L’Afghanistan n’est pas exactement le premier pays qui vient à l’esprit quand on parle d’optimisation fiscale ou de juridictions business-friendly. Pourtant, certains d’entre vous se posent la question : combien coûte réellement la création d’une société là-bas ? Que ce soit par curiosité, par nécessité locale, ou dans le cadre d’une stratégie de reconstruction après des décennies de chaos, les chiffres existent. Et ils sont instructifs.

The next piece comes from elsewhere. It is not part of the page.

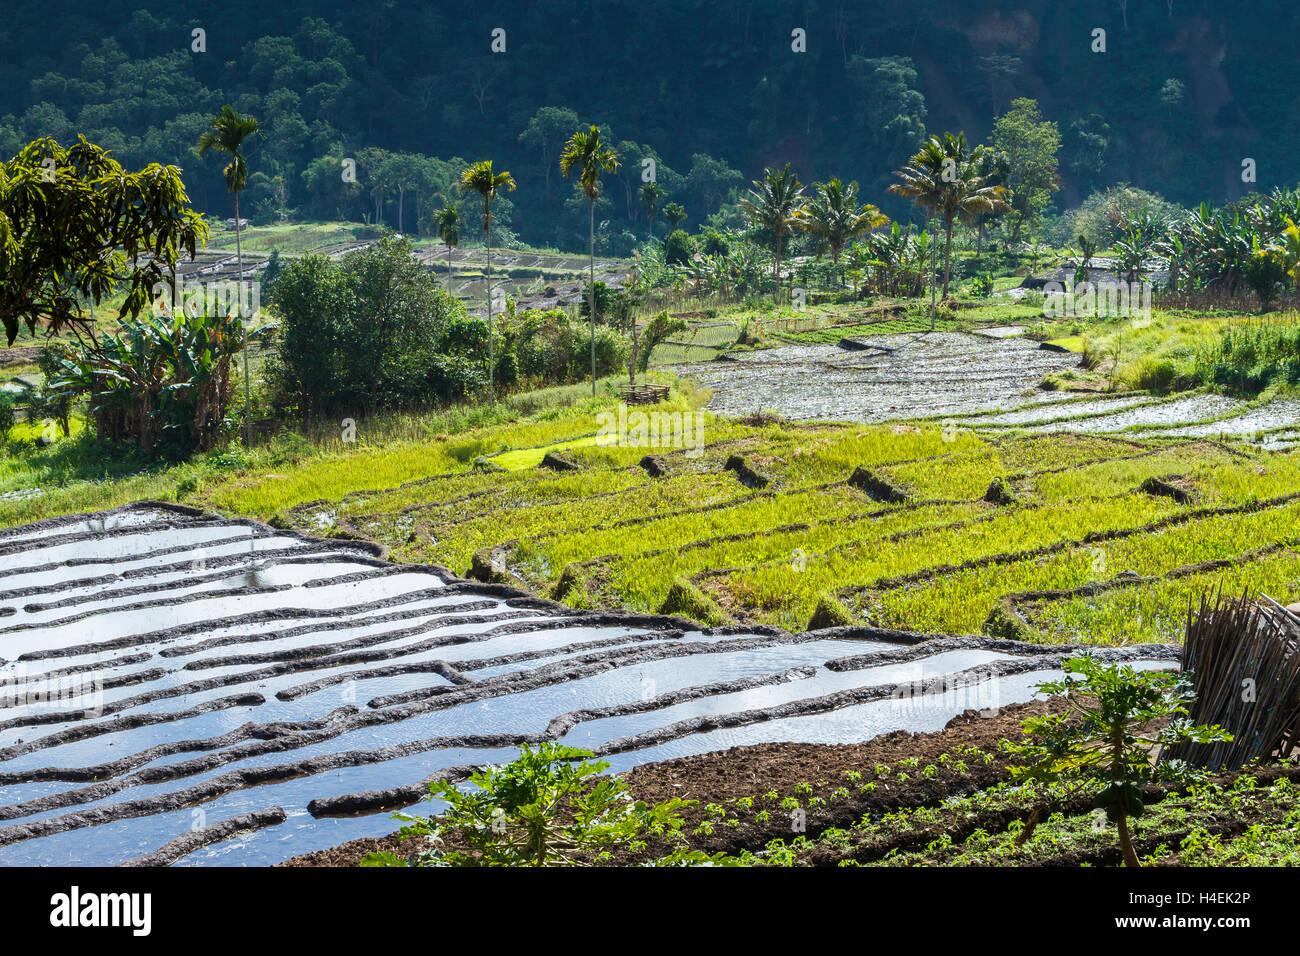 Rice terraces. - Stock Image

Je ne vais pas vous mentir. Monter une entreprise en Afghanistan en 2026, c’est loin d’être une promenade de santé. Mais si vous êtes ici, c’est que vous voulez des données concrètes. Pas des discours vagues. Alors allons droit au but.

Quel type de société peut-on créer en Afghanistan ?

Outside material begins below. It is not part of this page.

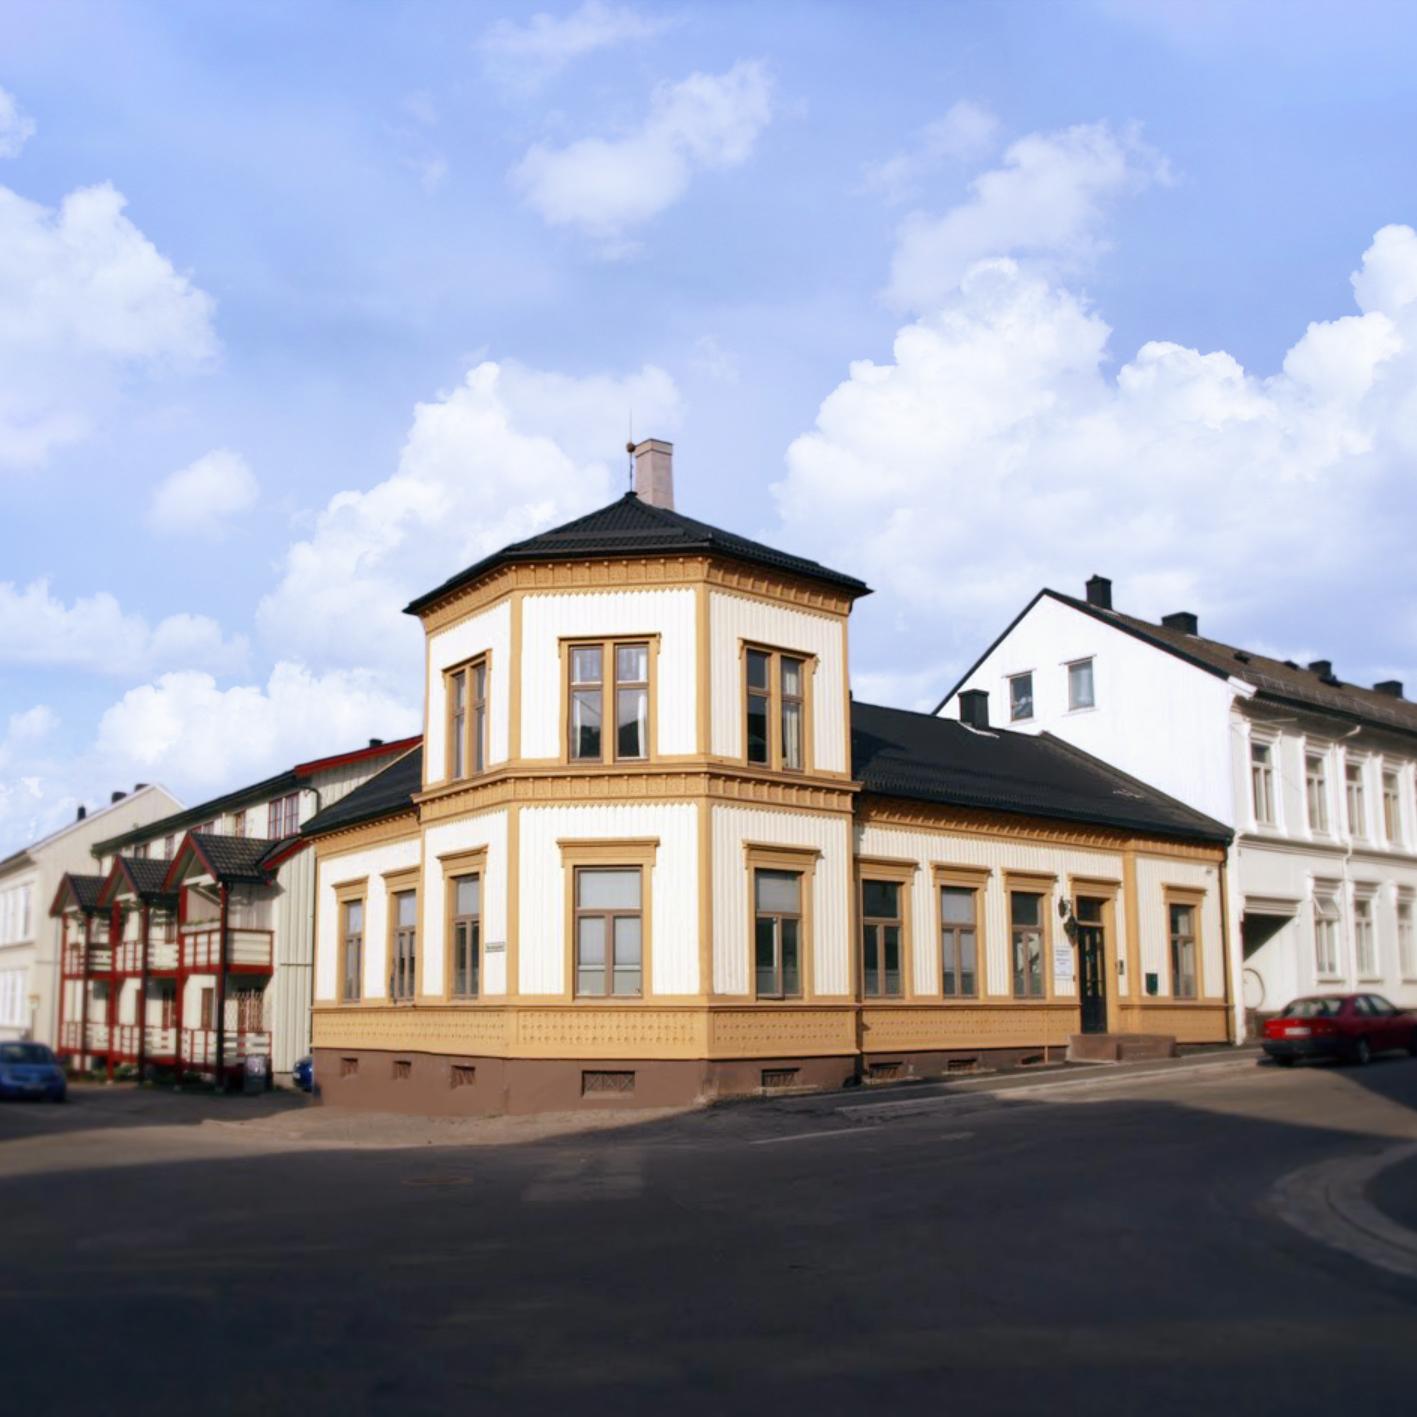 tonsberg.jpg

La structure la plus courante pour les entrepreneurs locaux et étrangers reste la Private Limited Company (LLC), connue localement sous le nom de شرکت با مسئولیت محدود. C’est l’équivalent afghan de la SARL ou de la Ltd.

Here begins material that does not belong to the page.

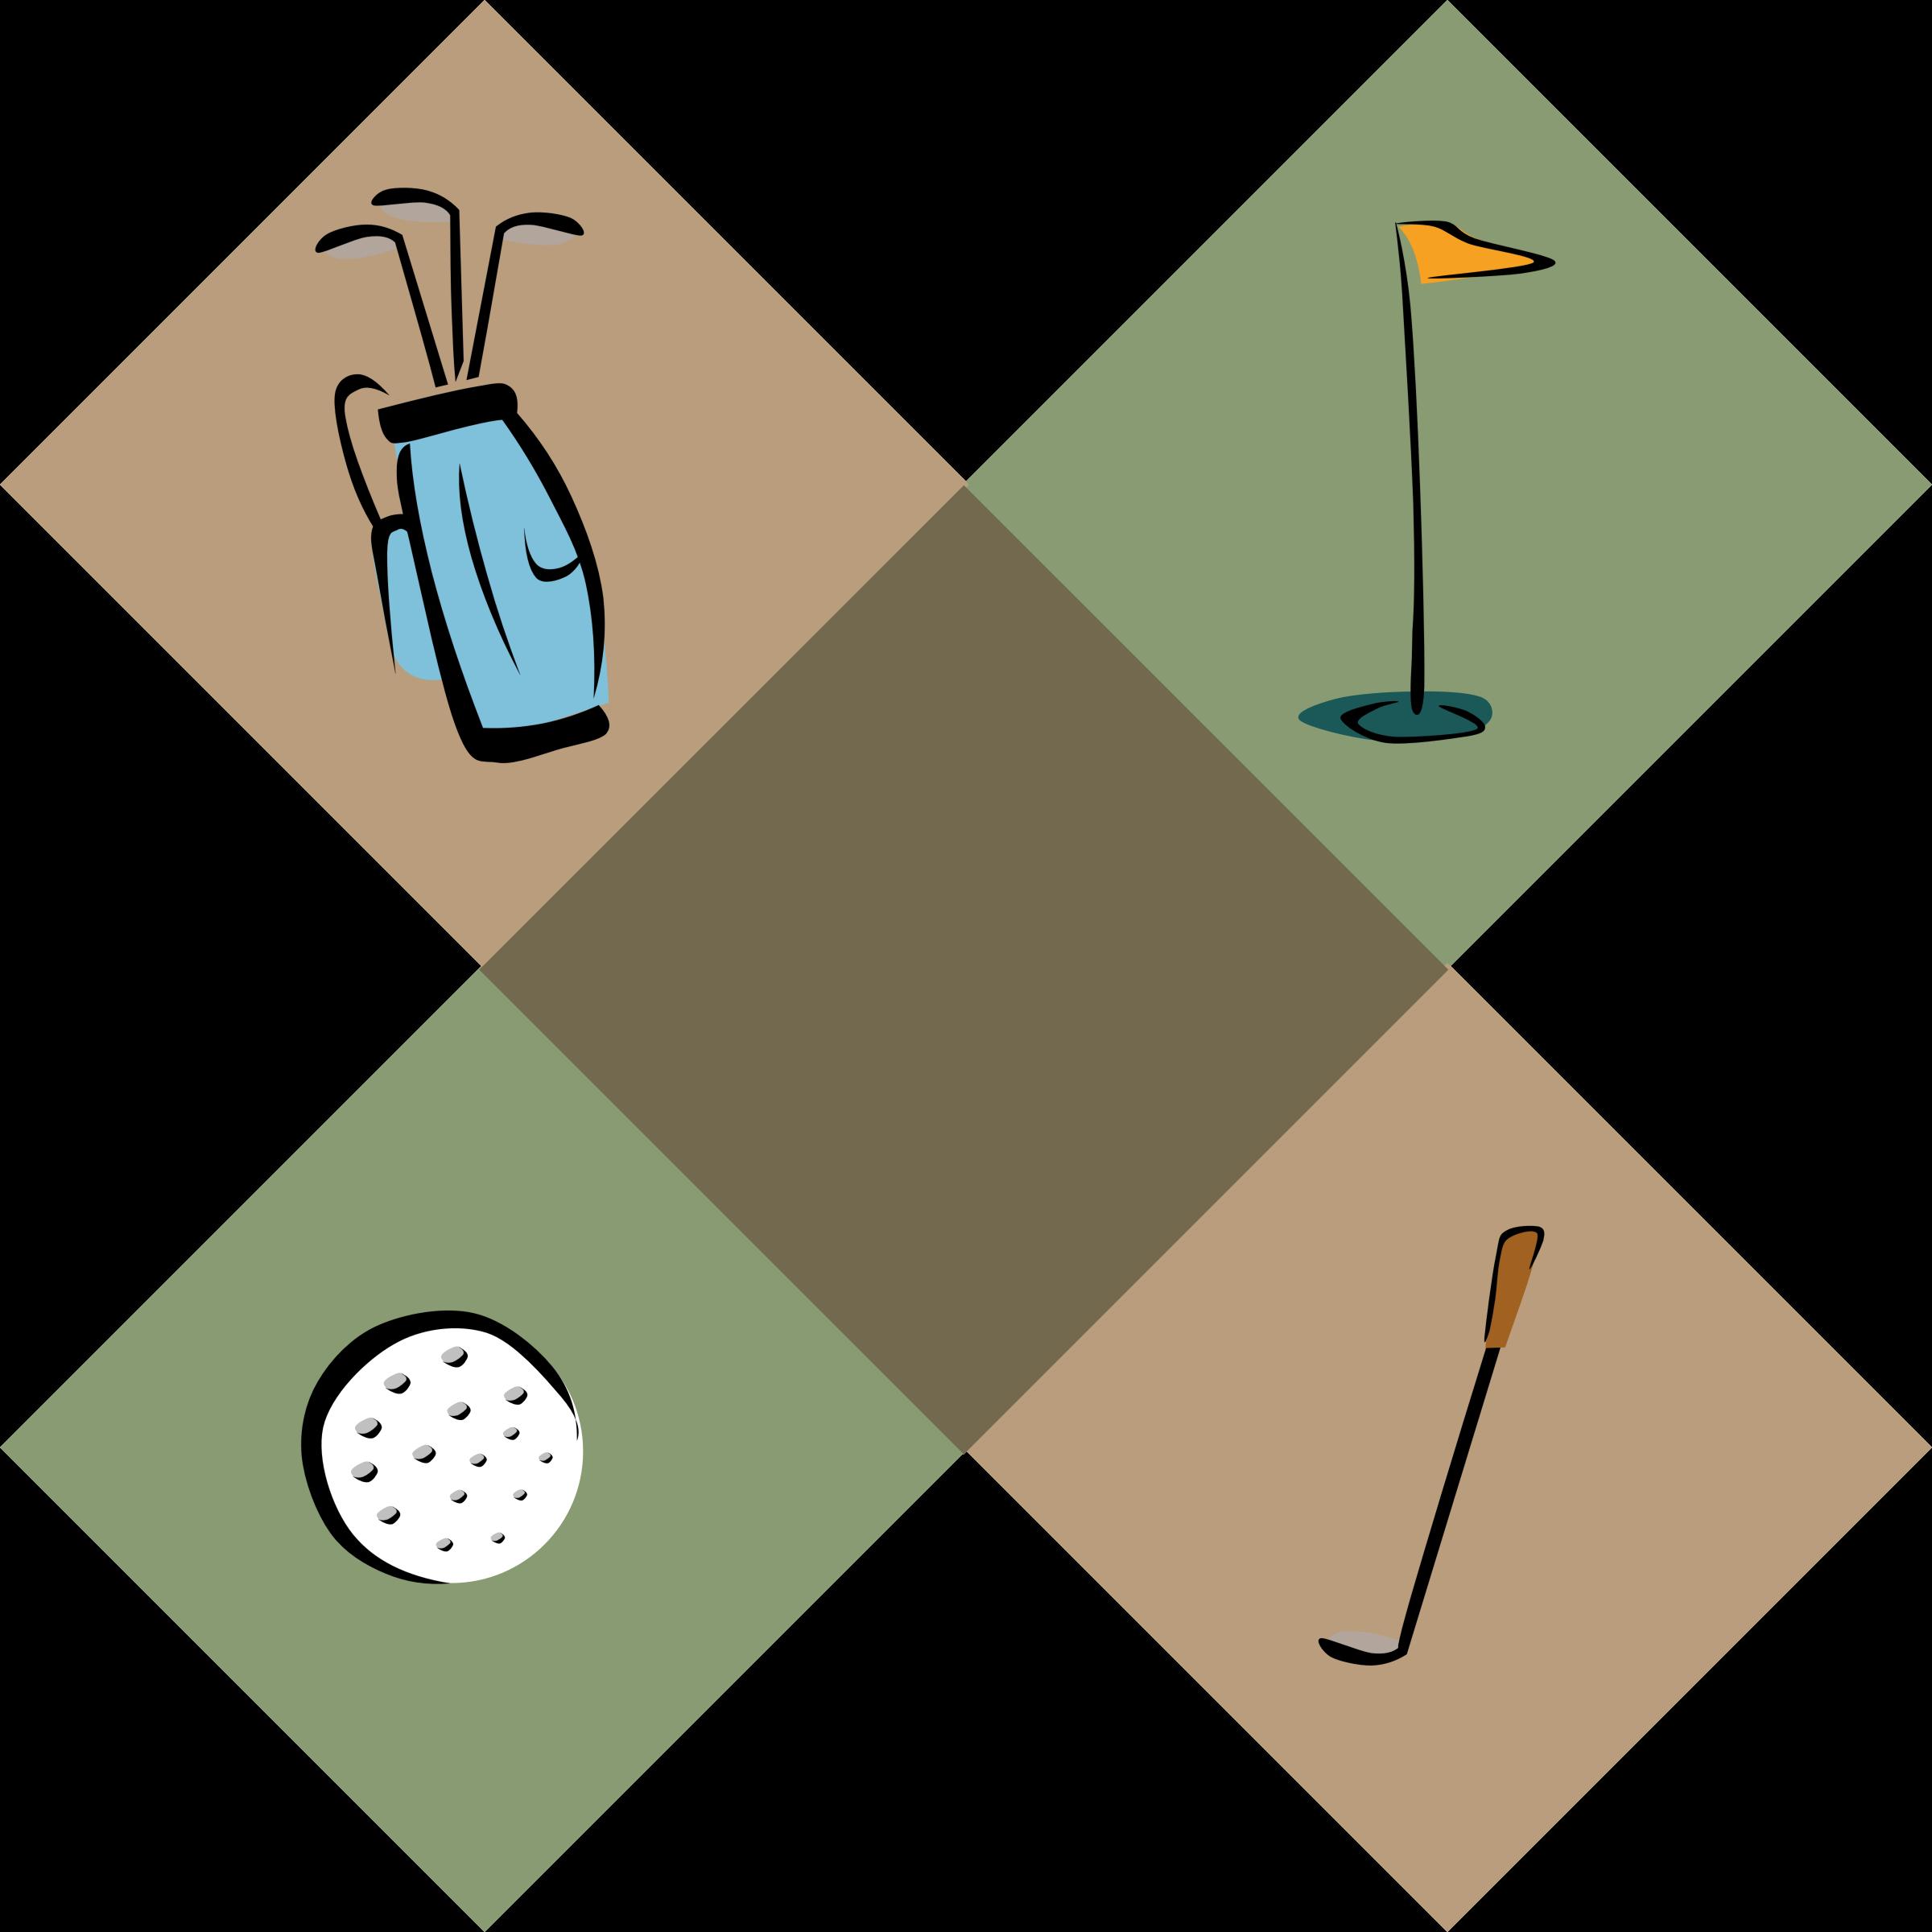 Golf decoration big image. Golfing clipart men's

Pas de capital minimum obligatoire. Oui, vous avez bien lu. Zéro AFN requis à la création. Ça peut surprendre dans une région où les barrières administratives sont souvent élevées, mais c’est un point positif indéniable.

Le capital n’a pas besoin d’être versé d’avance non plus. Ce qui signifie que vous pouvez constituer votre société sans immobiliser de liquidités dans un compte bancaire gelé pendant des semaines. Une flexibilité rare.

Combien coûte la création d’une LLC en Afghanistan ?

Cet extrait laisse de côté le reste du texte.